Wednesday, October 22, 2008

"Wild Swans" by Edna St. Vincent Millay

What is it about the calling of migratory birds that stirs us?

In my part of the world, it is the sandhill cranes – their peculiar, triumphant croaking that marks winter’s approach, and a few months later, the return of spring.

I grew up reading and re-reading Hans Christian Andersen’s fairytales: the stories that lived within me most were all tales pivoting around the winged migration: the gallant robin who returns to Thumbelina and at last bears her away to the warm and flowery land; the storks who clatter their beaks together in sunny Egypt telling the story of the northern Swamp King’s daughter; and the Wild Swans – the seven brothers who return to carry their sister out of danger, the faithful sister weaving capes of nettles with blistered hands and mute in her own defense to save her brothers from their step-mother’s curse.

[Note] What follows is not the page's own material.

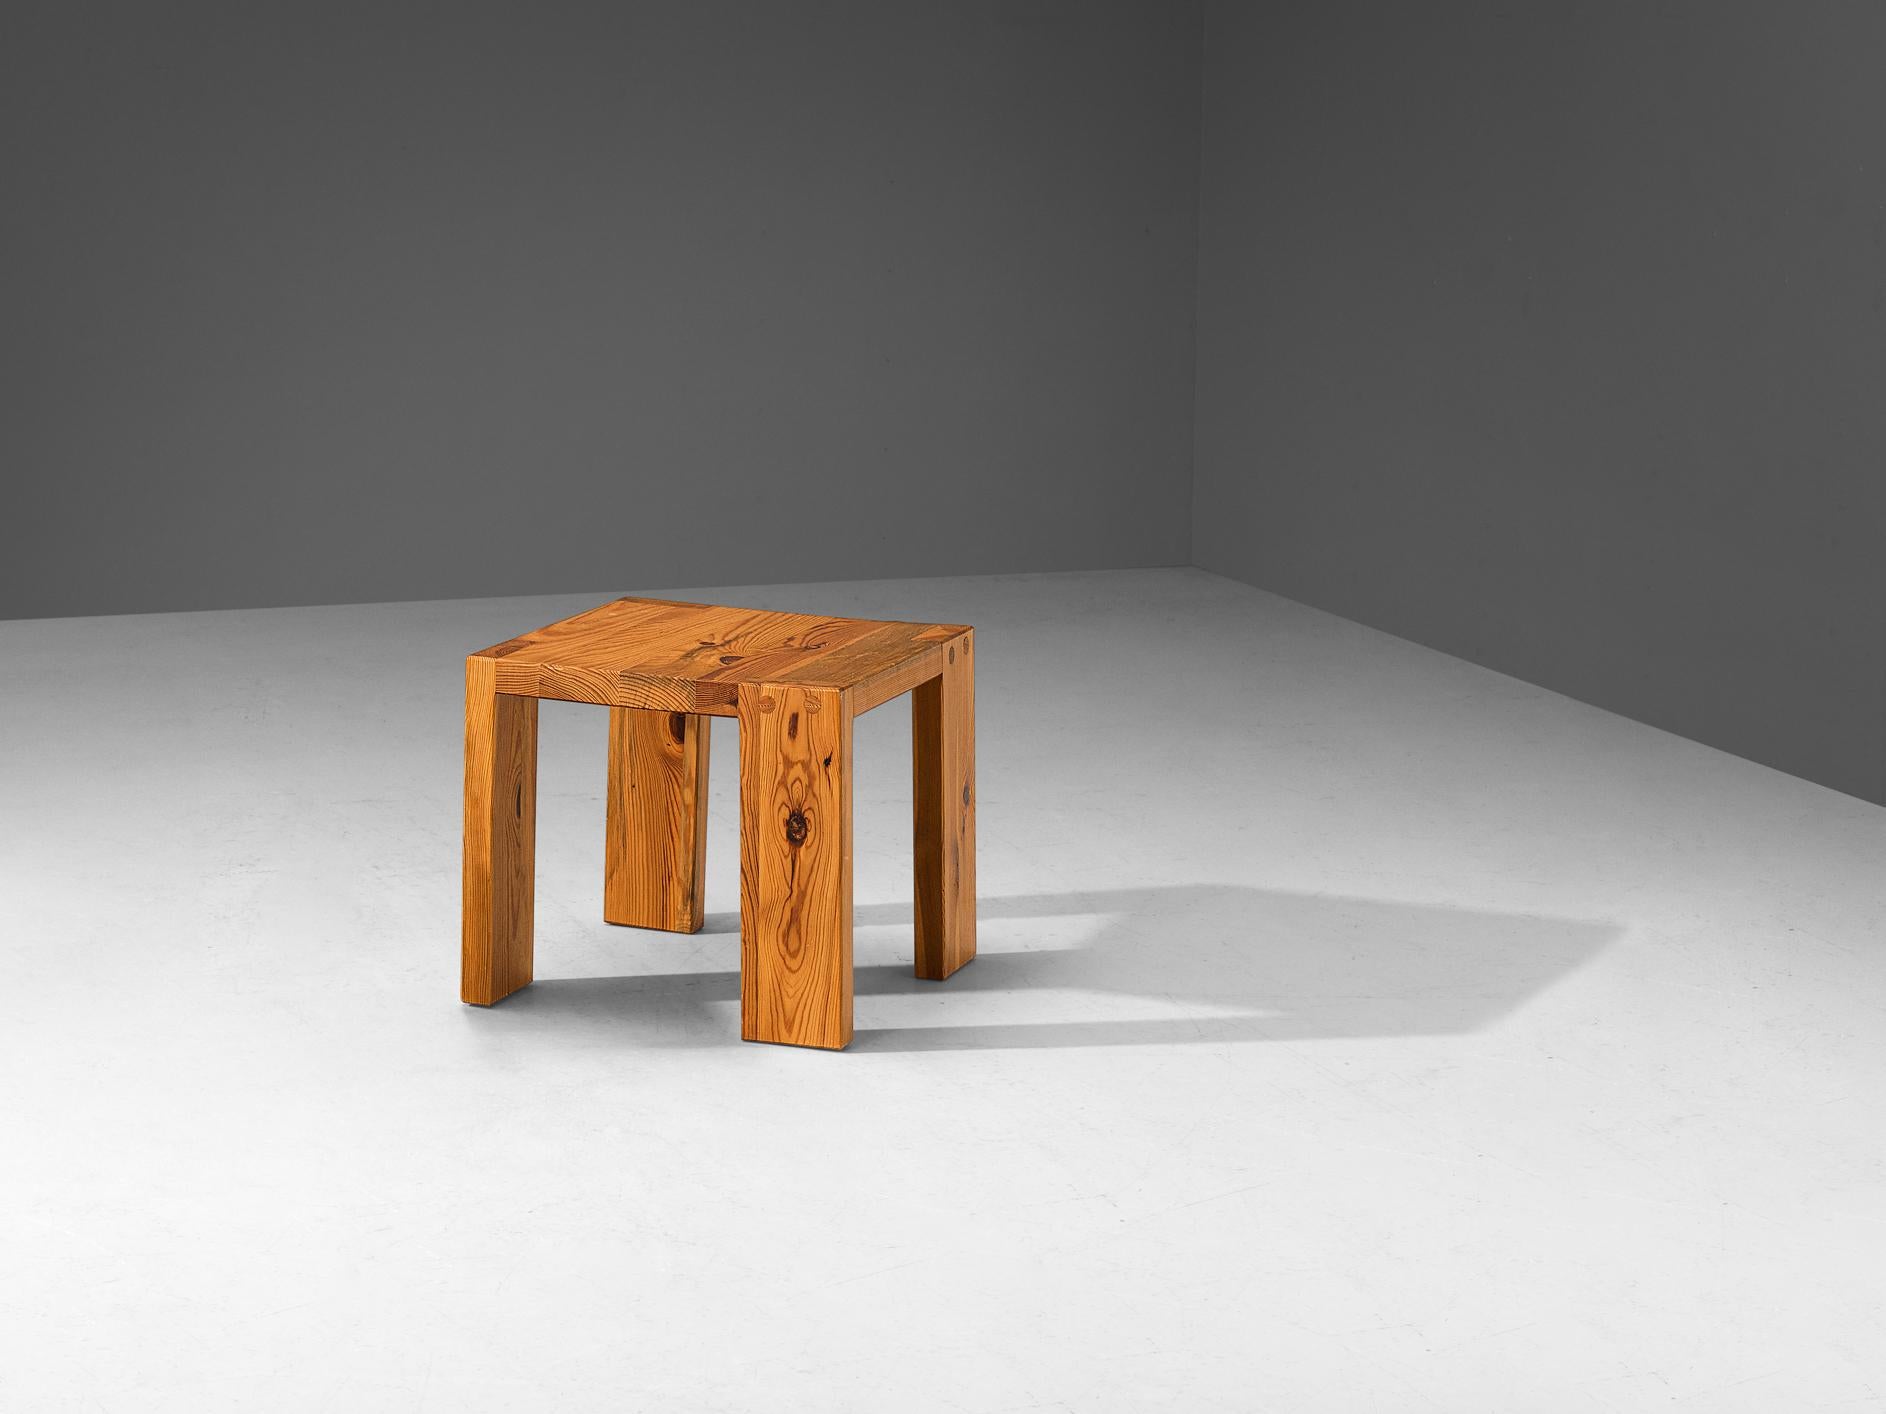 Sven Larsson, side table, pine, Sweden, 1970s.

A cubist side table designed by Swedish designer Sven Larsson. Distinctive for his work is the use of solid pine wood and the refined joinery that shows his true craftsmanship. Especially the double

Something mysterious is happening in the skies. Is it any wonder we paint angels with wings, rushing down out of the sky with a message from on high?

The mark of the birds’ flight across the sky – an ideogram in moving ink. Their cry – a message we barely know how to understand.

I know I will stand still when the cranes go over, watching and listening as long as I can keep them in range. As if there were some warning or news – something more surprising than just, Winter is coming.

The poem “Wild Swans” – like most of Millay’s – is sleek, straightforward, measured in meter and rhyme. Her style is too simple sometimes for our post-Eliot age that loves complexity and ambiguity, but in this poem the way the words skim over our minds is like the flight of those migrating swans – orderly, expected and beyond us. Millay tosses the rhyming up in the air – abbc cbac – enough order to set up expectation, enough surprise to unbalance. And while the entire poem is written in pentameter (five emphasized beats per line), the lines are of varying syllabic length: both stanzas begin with a longer line (like the ribbon of flight trailing above us) and each subsequent line falls short of that first flight. The penultimate line (“Wild swans, come over the town, come over”) is the shortest in syllables – it is the line that cries out our lack, our falling short, our yearning for the flight of the wild swans.


Wild Swans
by Edna St. Vincent Millay

I looked in my heart while the wild swans went over
And what did I see I had not seen before?
Only a question less or a question more;
Nothing to match the flight of wild birds flying.

Tiresome heart, forever living and dying,
House without air, I leave you and lock the door.
Wild swans, come over the town, come over
The town again, trailing your legs and crying!





6 comments:

Lisa B. said...

Hi Emma! Thanks for leaving a comment the other day on my blog--nice to discover your blogs, and lovely to see these poems you've posted. I, too, love Thumbelina--and I do love that Andersen story of the wild swans!

kathy riordan said...

Lovely blog, Emma. Love the matter/pattern bit. My mind immediately goes to the Amy Lowell poem when I see the word "patterns."

Happy to have discovered your little corner of the blogosphere.

Emma J said...

I had forgotten ever reading Lowell's "Patterns" - tho I remember that last line "what are patterns for?" Thanks for the reminder!

Margaret Pangert said...

I am so happy to have run into your blog today! I was flabbergasted at the depth and skill of your writing. I love St. Vincent Millay. This poem brougt to mind Leda and the Swan by Yeats (which brings another aspect to wild swans). Best, Margaret

Snowbrush said...

Emma, I hope you still check this blog.

I just read "My Life as a Pantheist," by a woman who lives in New Mexico, and for whom sandhill cranes are a major source of inspiration.

I've memorized several Millay poems over time: Recuerdo, I Am Not Resigned, What Lips My Lips Have Kissed, maybe one or two more if I thought enough about it.

Emma J said...

Millay is irresistably memorizable to me. I find myself muttering lines from her poems: "but ah my foes, and oh my friends, it gives a lovely light" "World I cannot hold thee close enough," "prithee let no bird call."

A poet I'm glad I never studied in school.